Where does the word "time" appear in the data? Copy every line that holds it.

Entries supplied:
○ ○ ○ ○

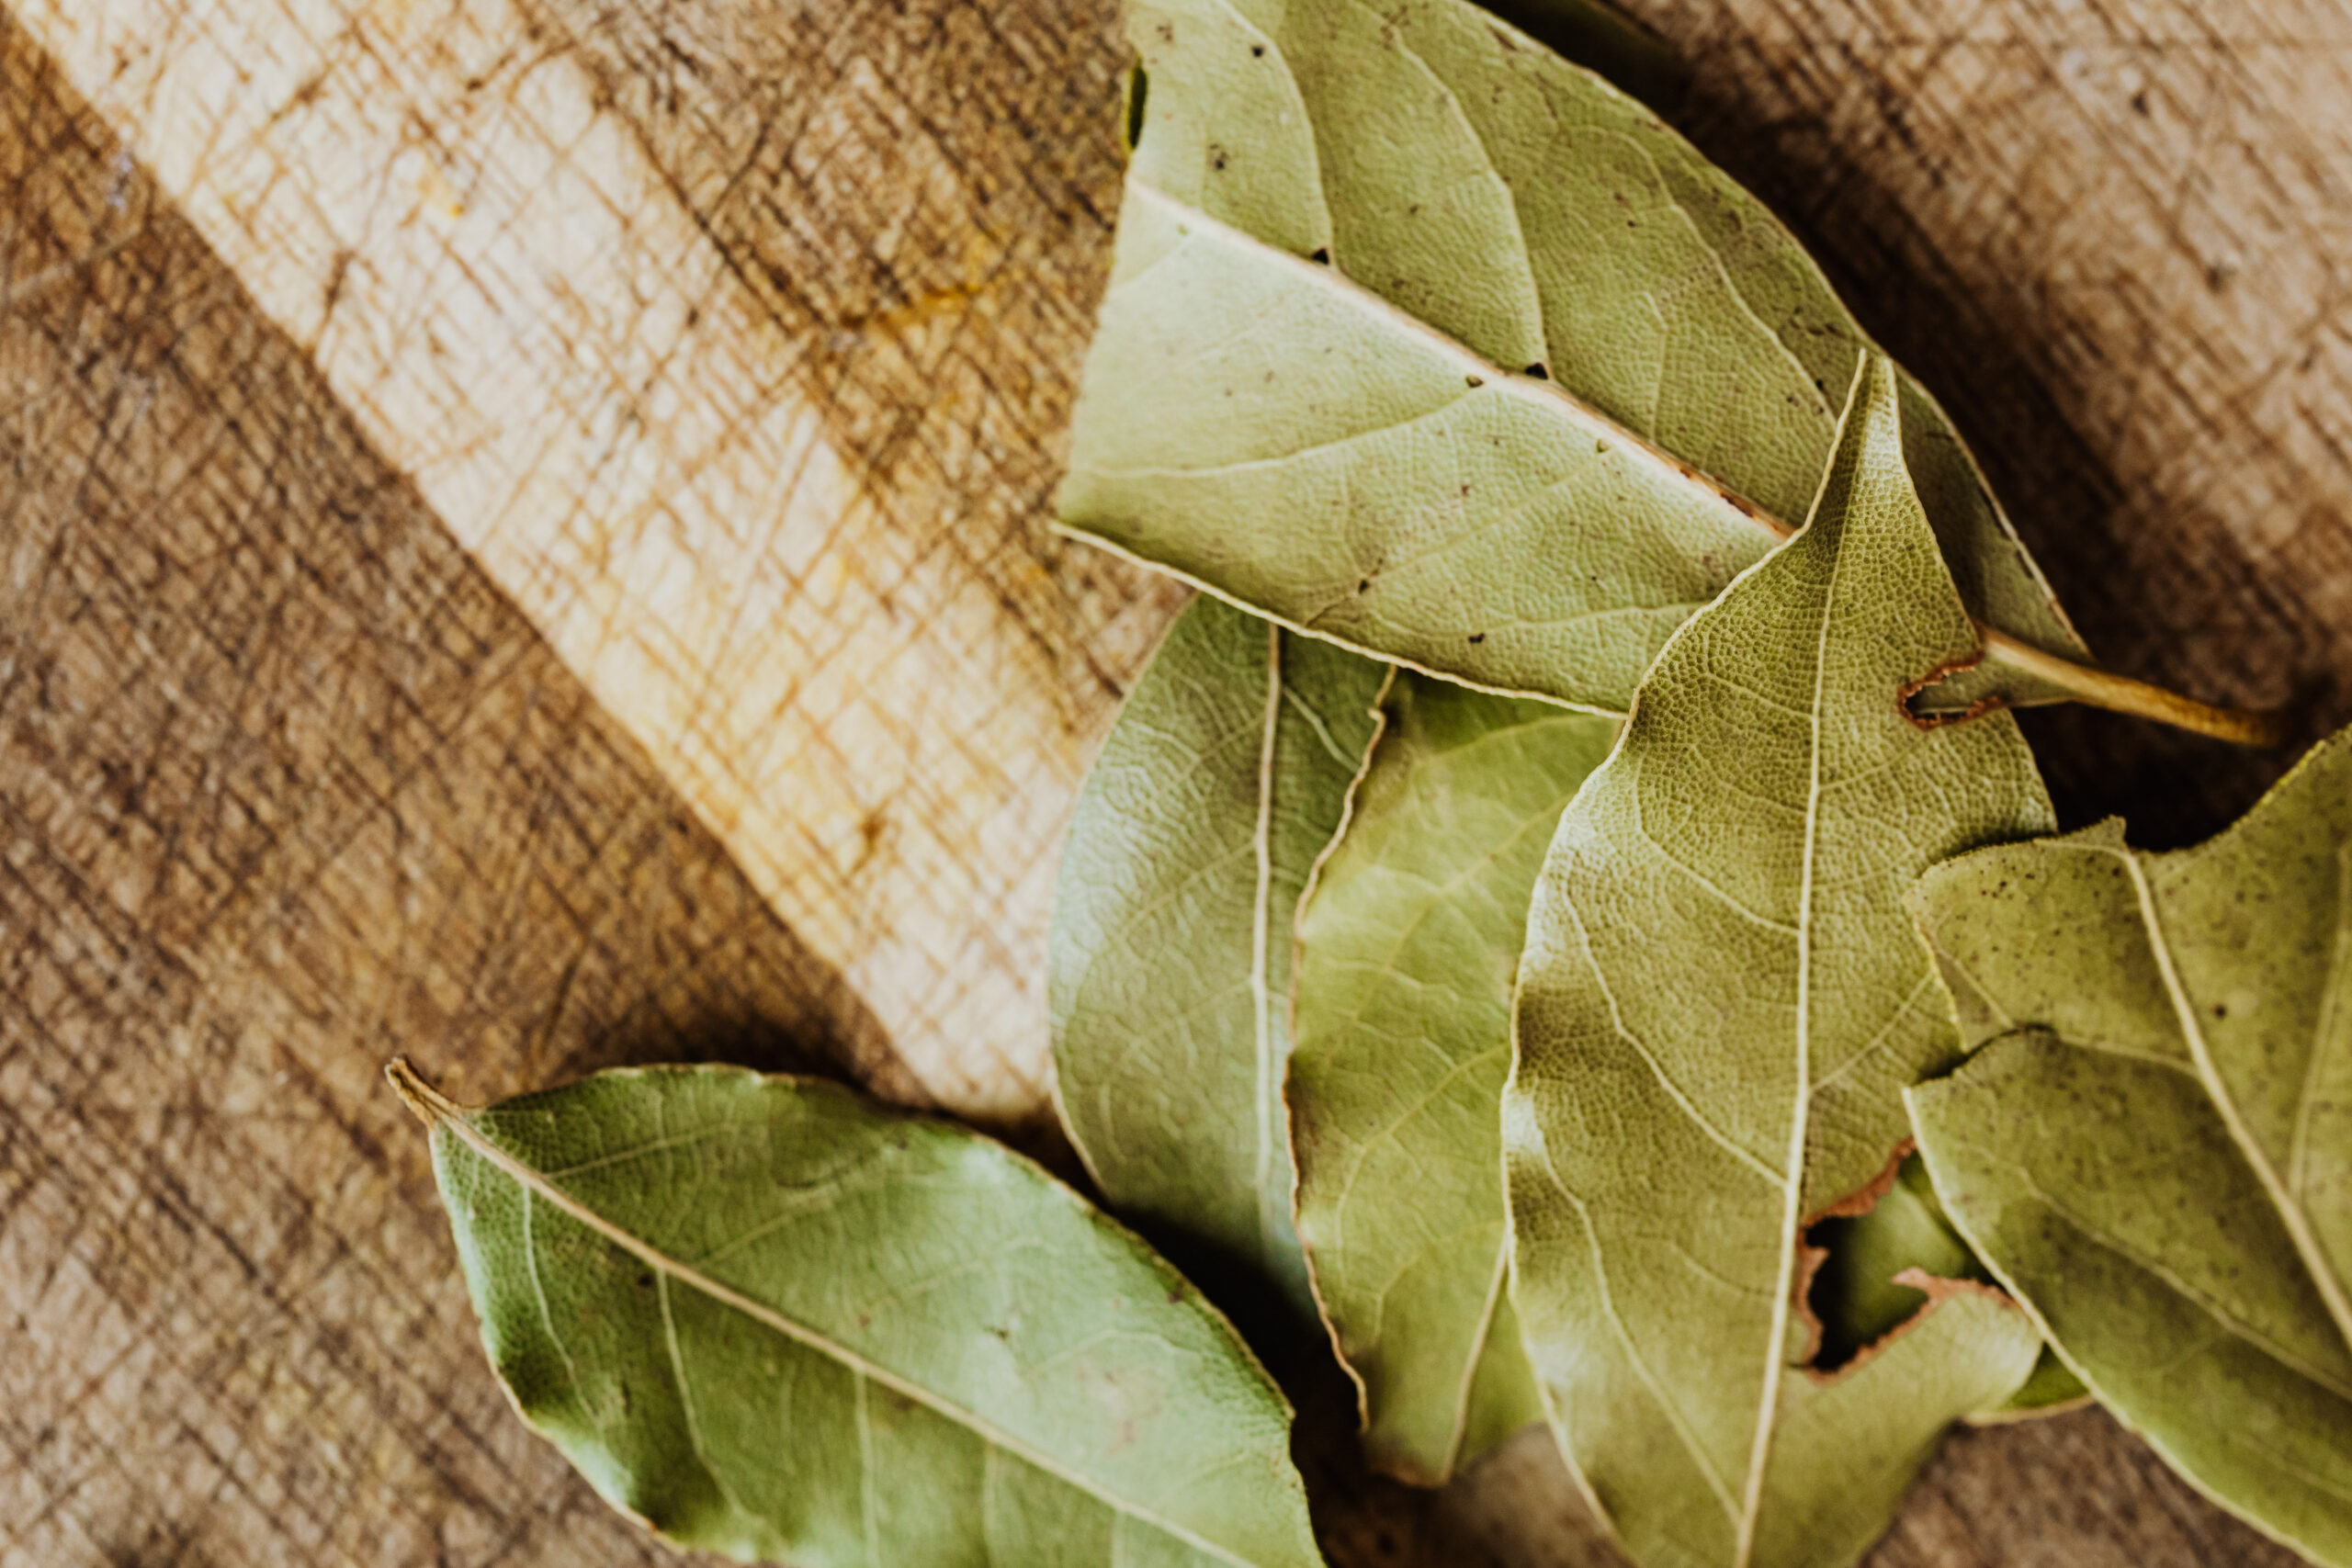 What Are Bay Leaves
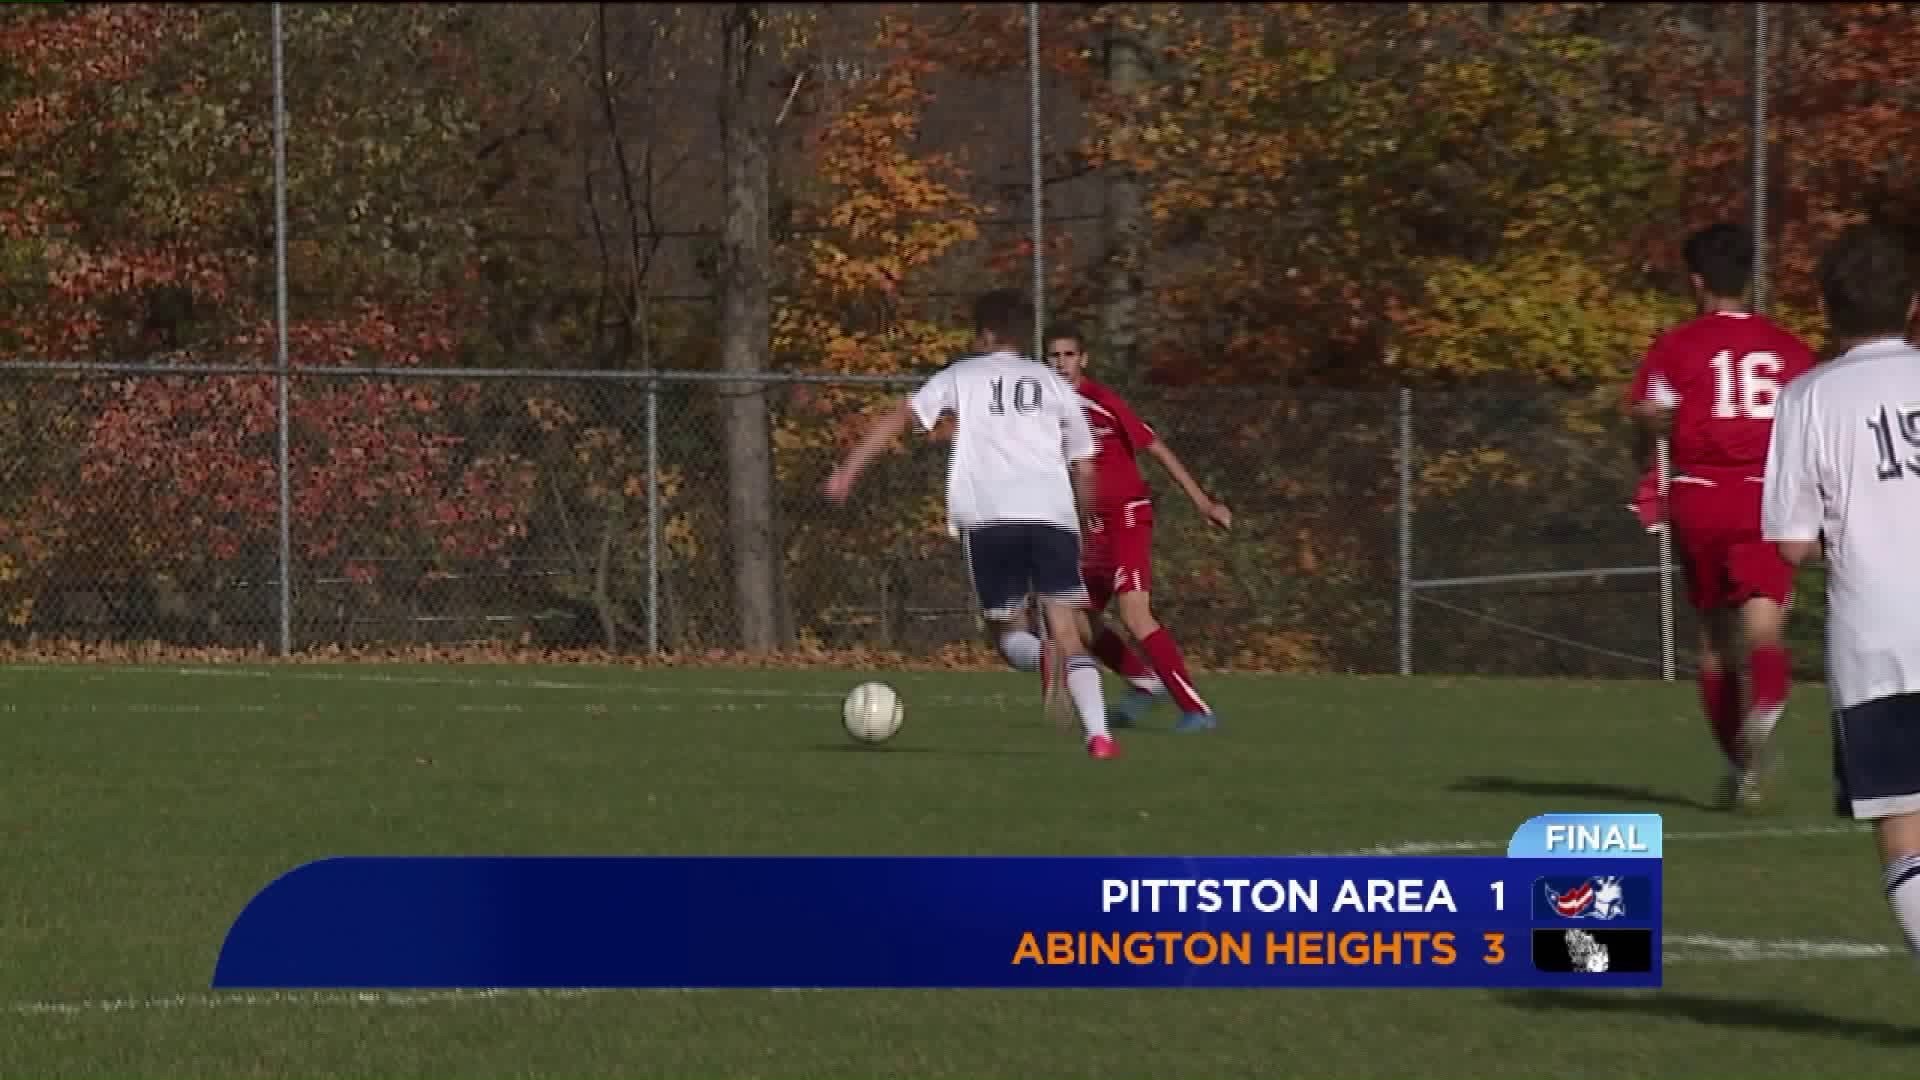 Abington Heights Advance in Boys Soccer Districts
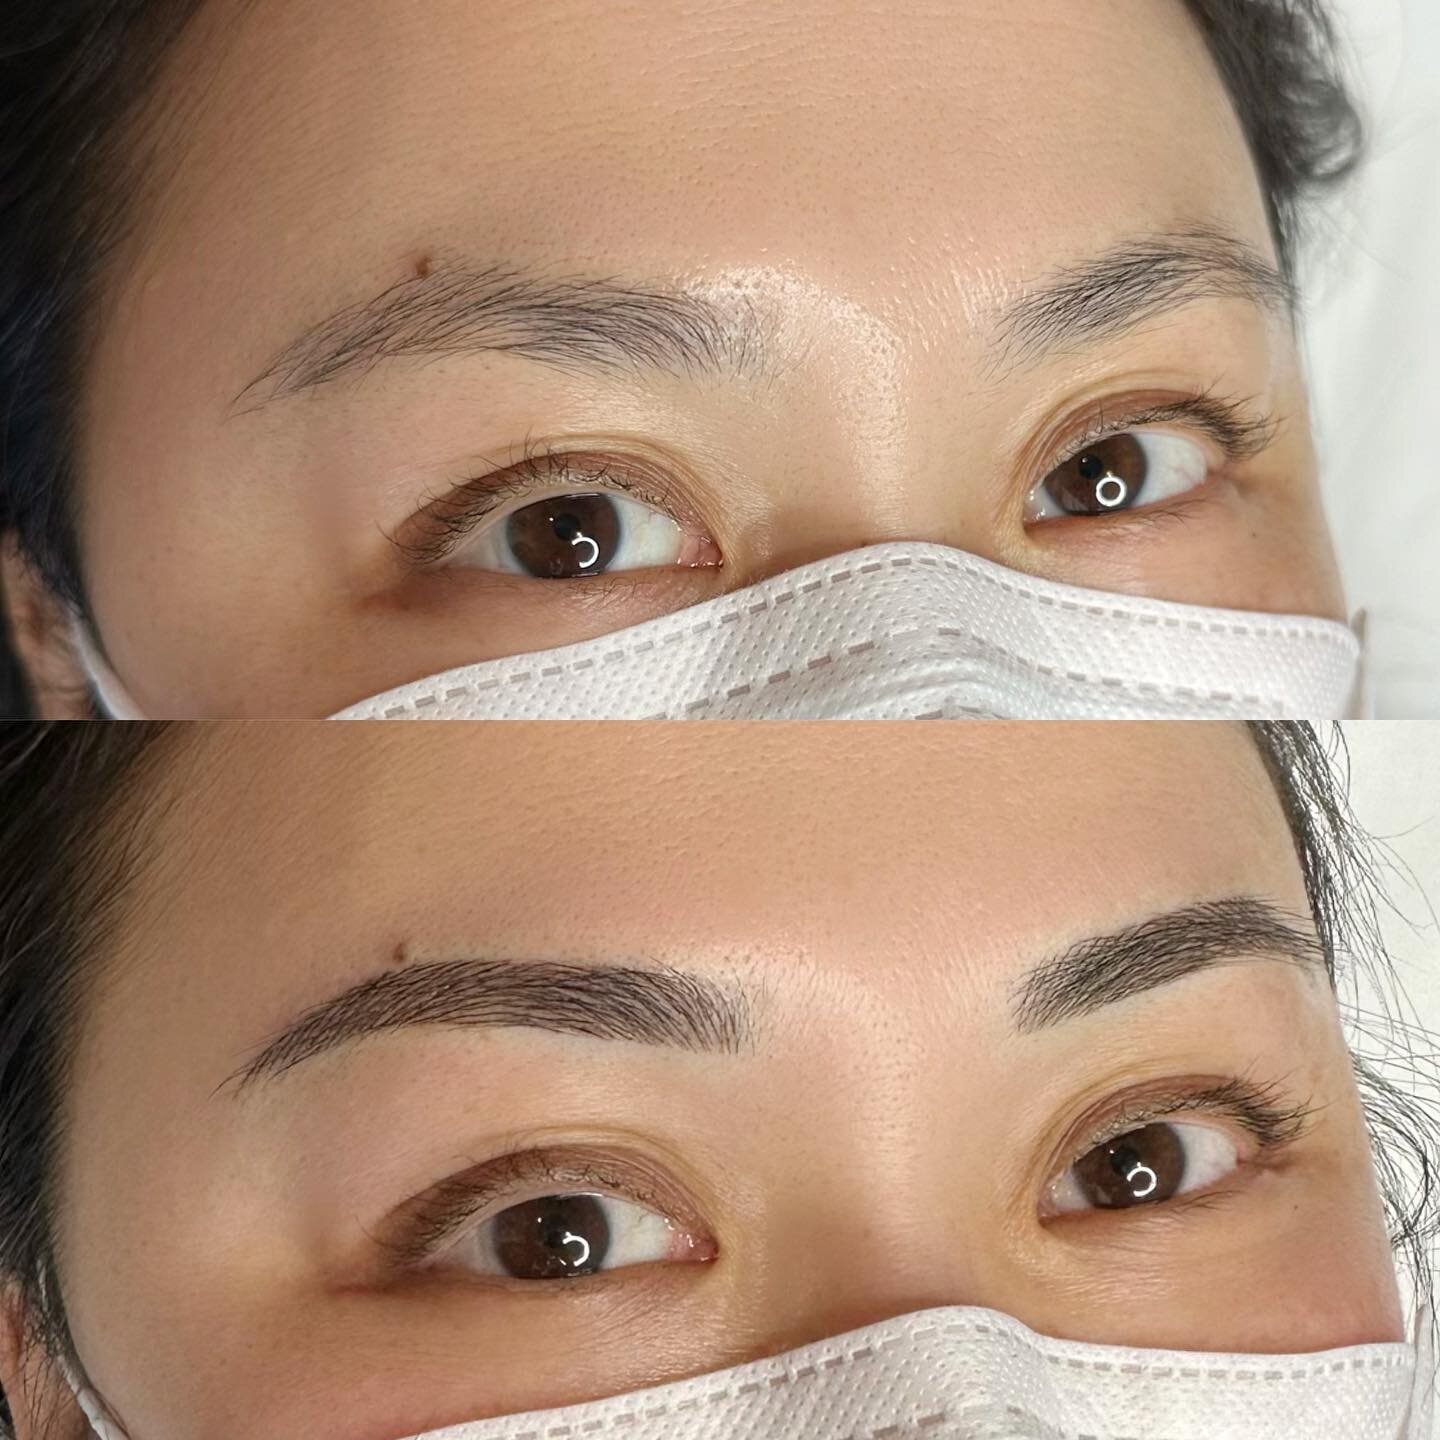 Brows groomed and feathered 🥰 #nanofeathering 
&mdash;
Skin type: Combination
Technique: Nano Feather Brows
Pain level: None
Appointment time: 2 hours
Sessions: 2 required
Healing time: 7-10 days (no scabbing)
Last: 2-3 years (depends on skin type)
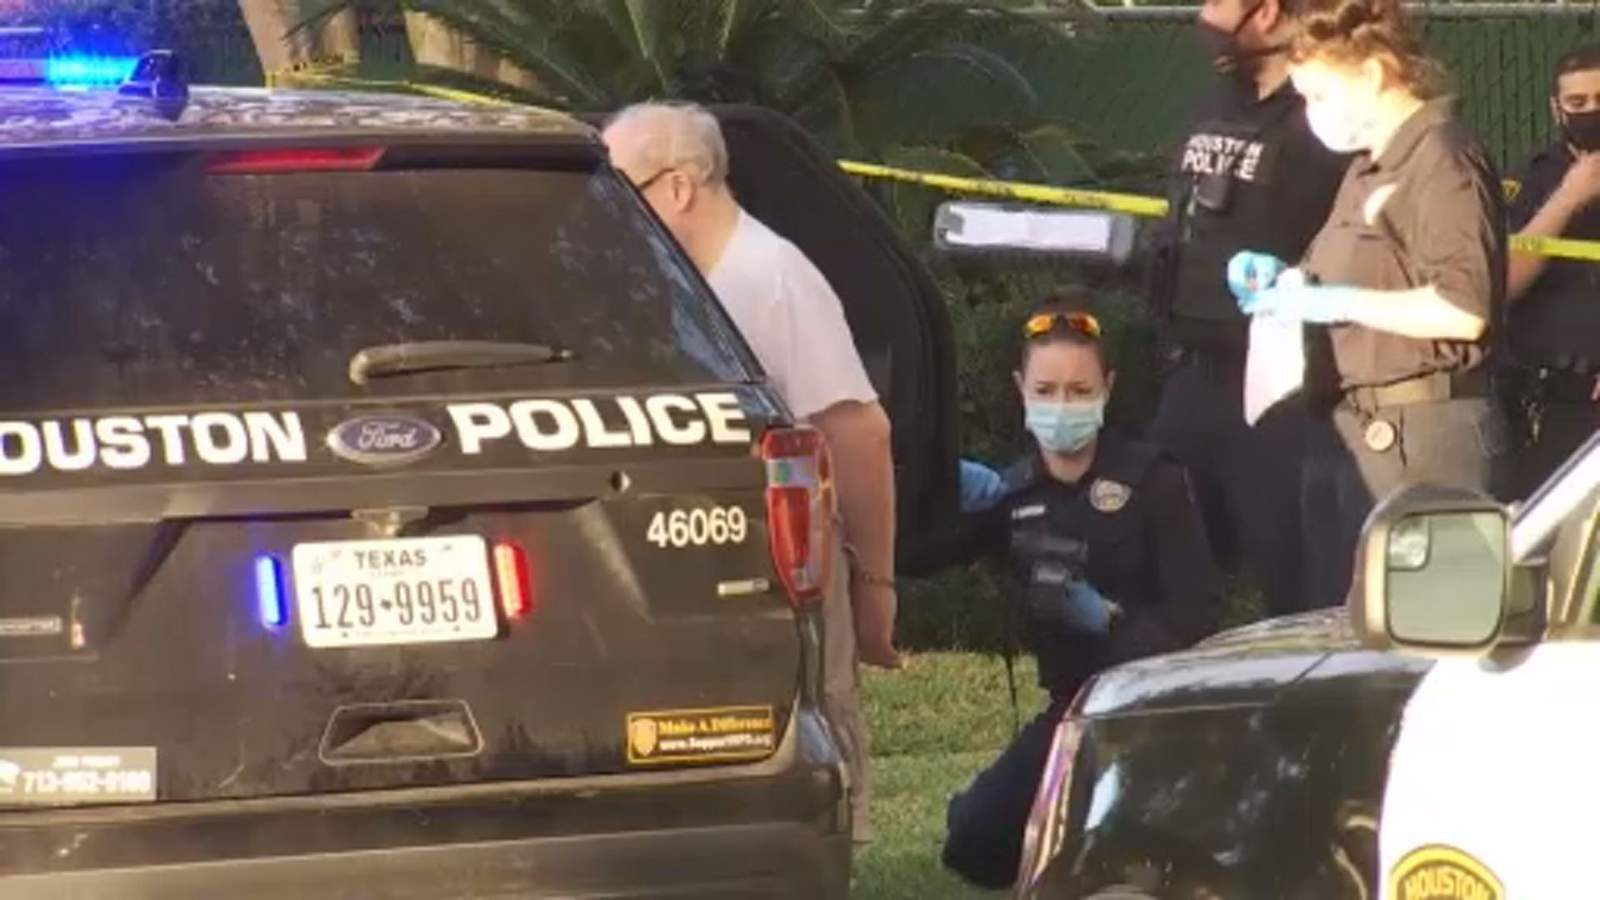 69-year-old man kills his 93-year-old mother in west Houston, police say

○ ○ ○ ○

Task answer:
Appointment time: 2 hours
Healing time: 7-10 days (no scabbing)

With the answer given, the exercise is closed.